* _What this task involves_
Give back the whole listing exactly as written, pictures excluded.

* _Dataset section_

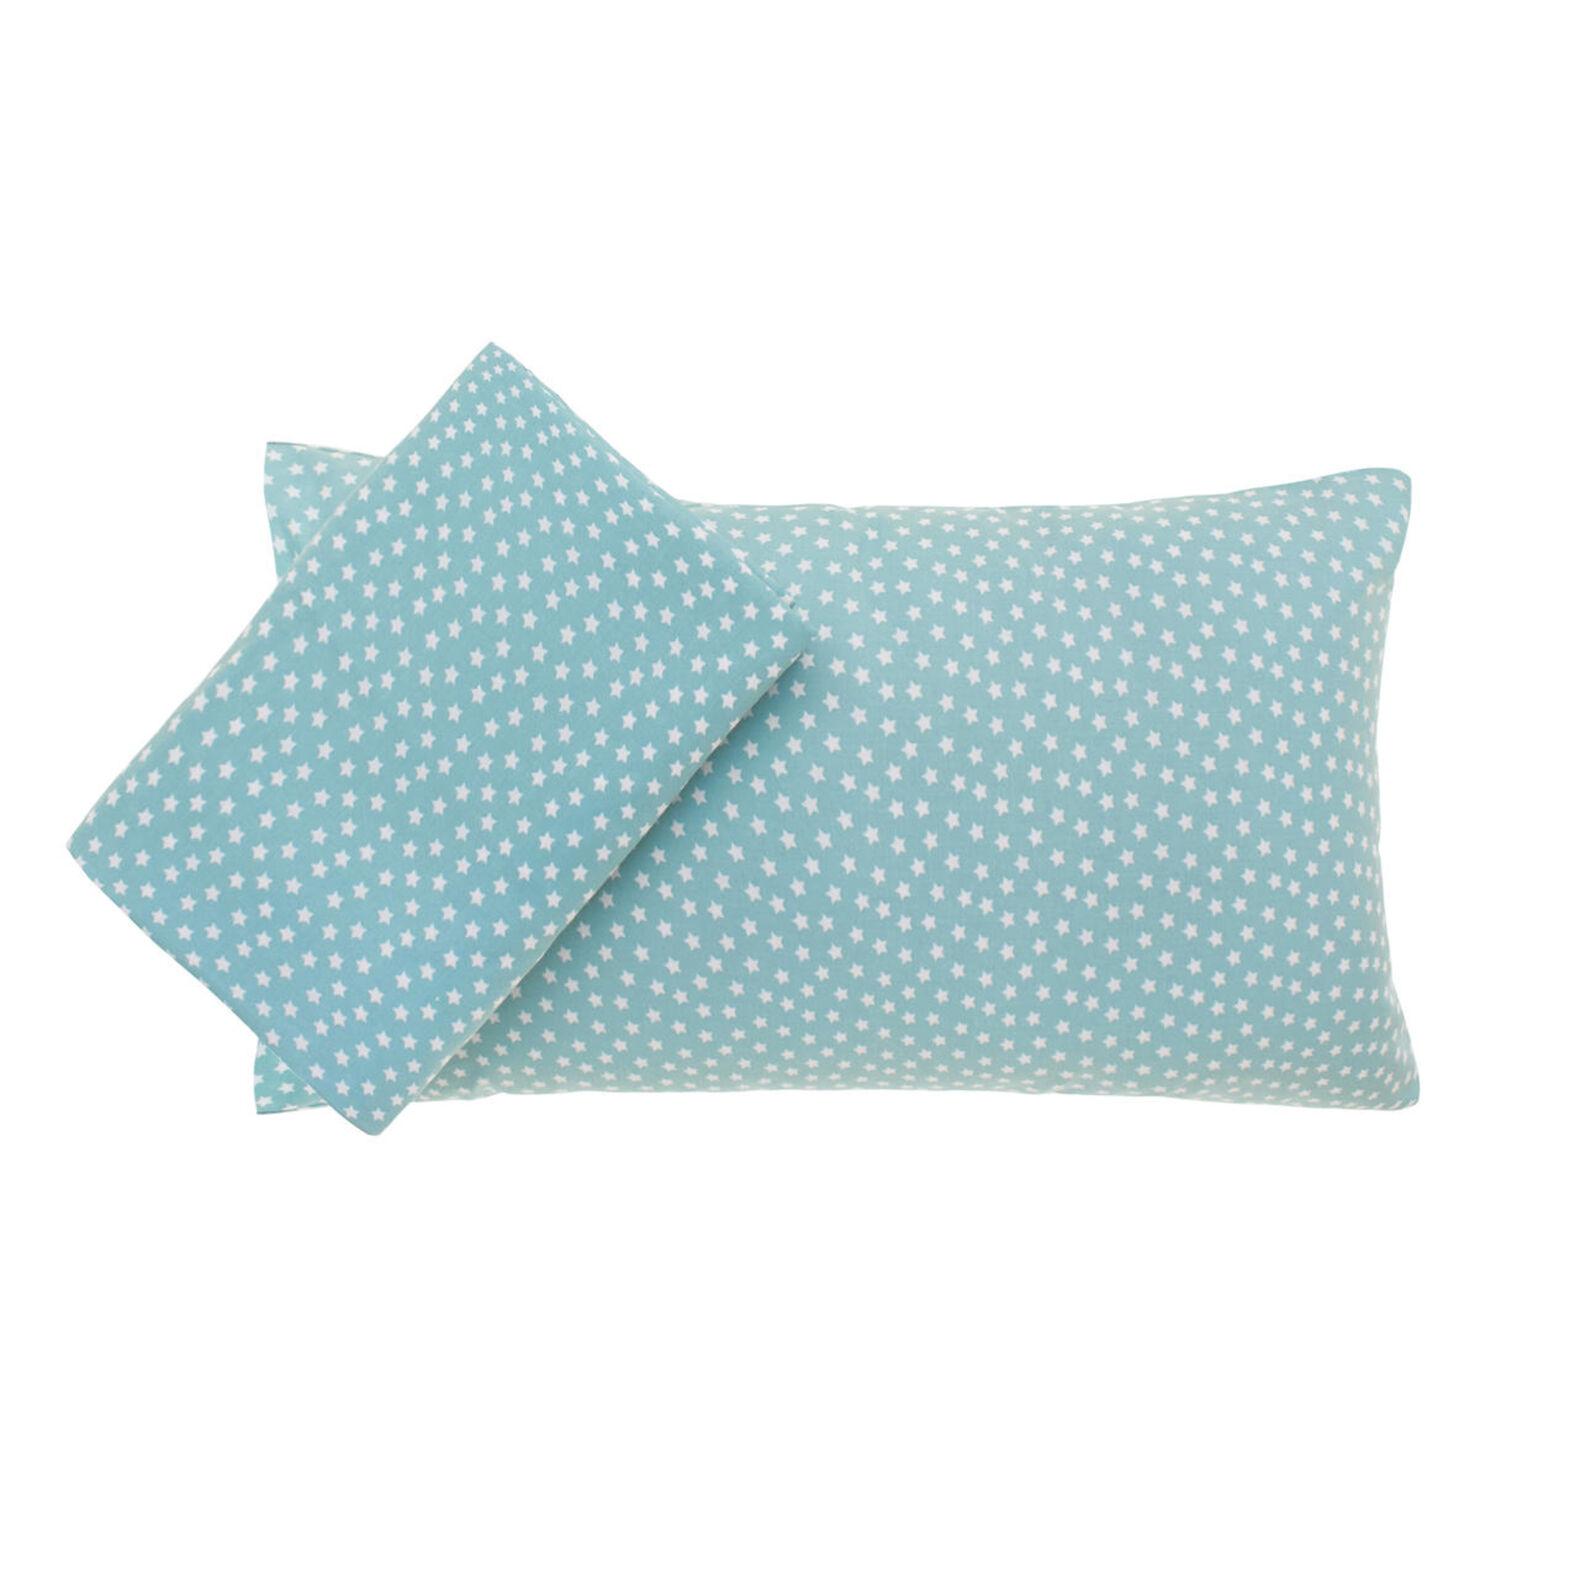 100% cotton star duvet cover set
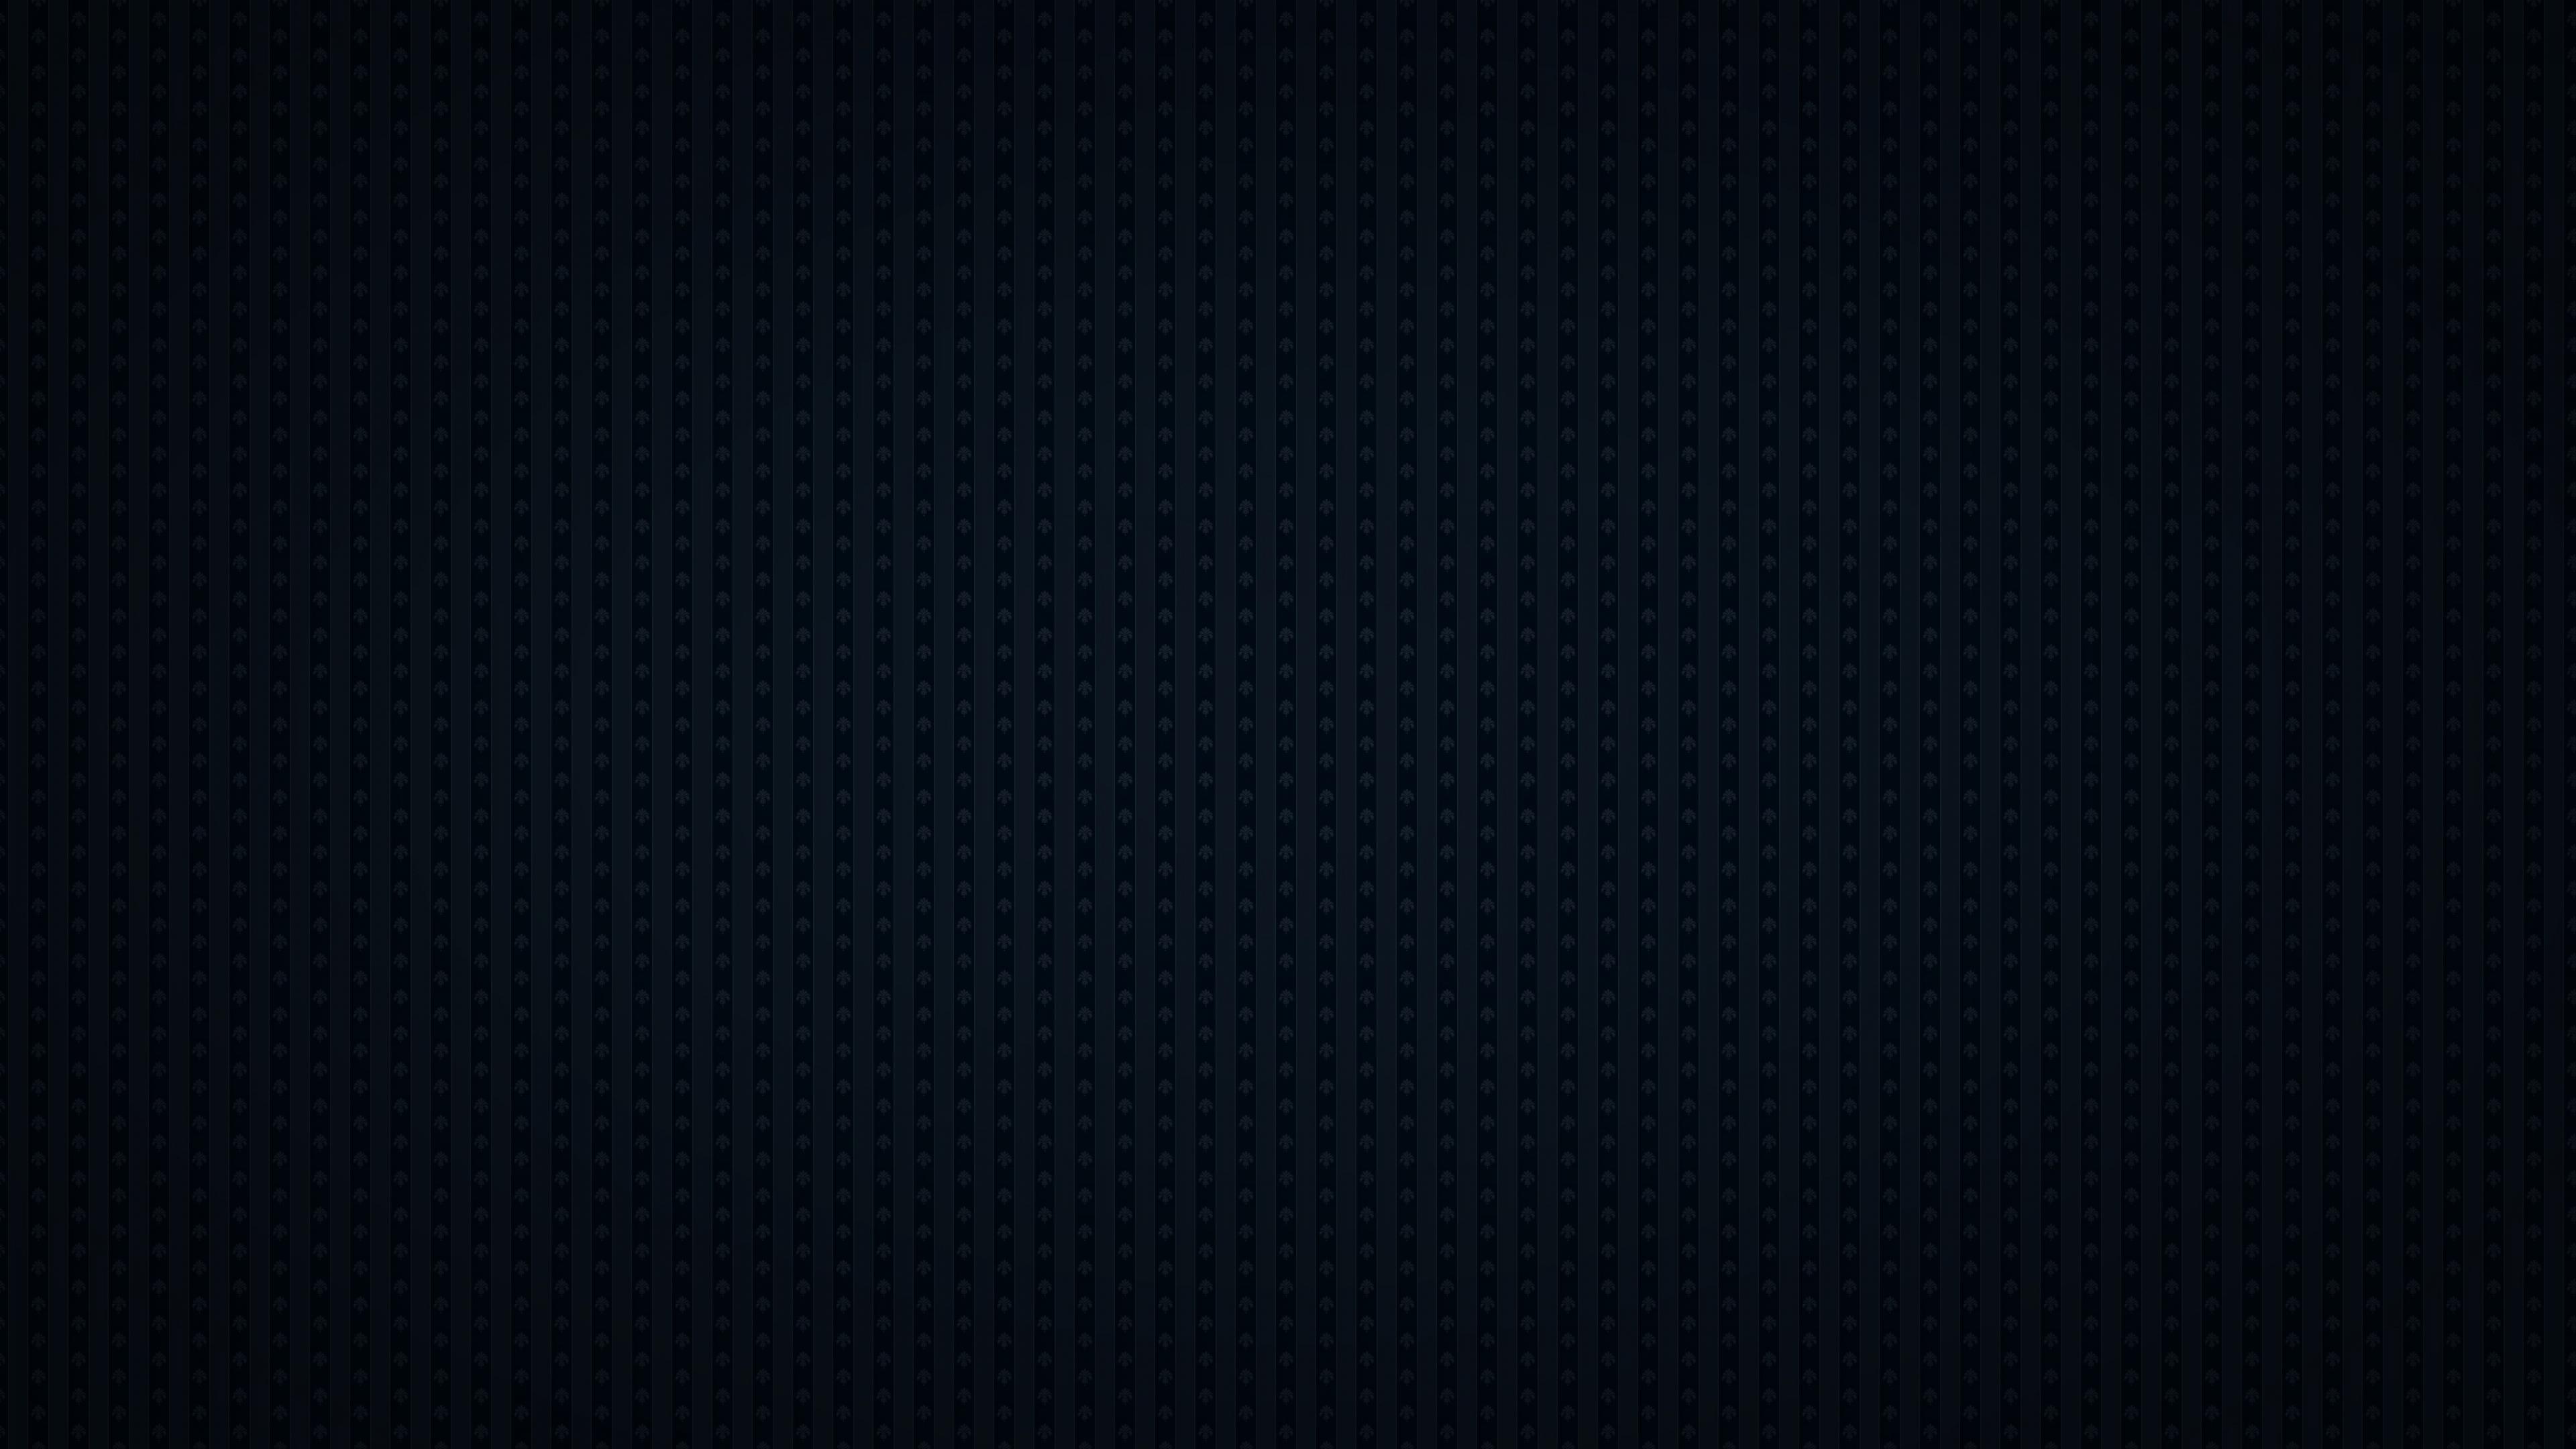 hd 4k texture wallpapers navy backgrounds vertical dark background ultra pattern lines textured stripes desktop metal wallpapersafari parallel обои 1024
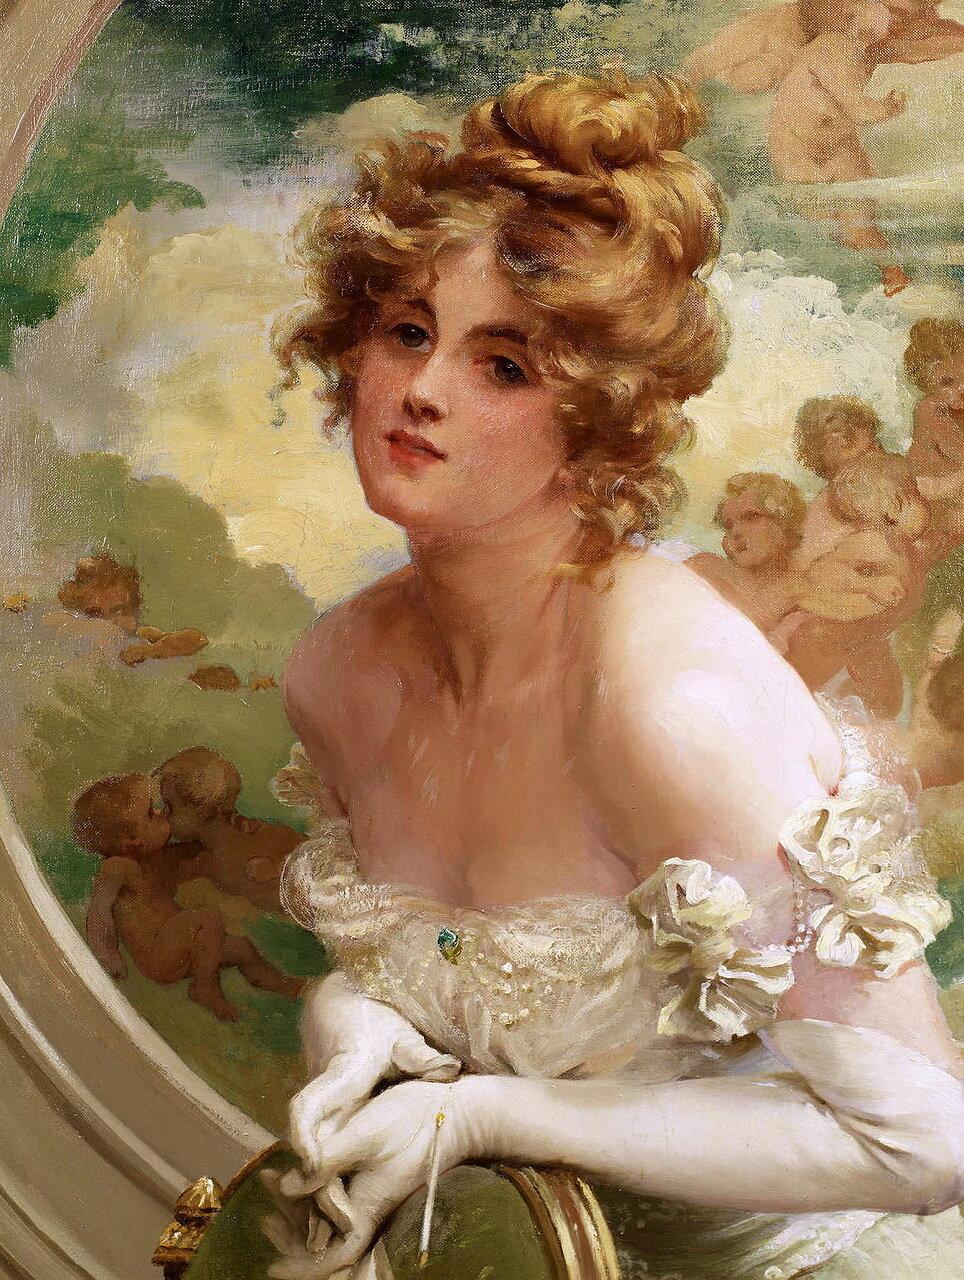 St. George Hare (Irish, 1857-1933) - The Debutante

* _Response to this task_
 100% cotton star duvet cover set
 hd 4k texture wallpapers navy backgrounds vertical dark background ultra pattern lines textured stripes desktop metal wallpapersafari parallel обои 1024
 St. George Hare (Irish, 1857-1933) - The Debutante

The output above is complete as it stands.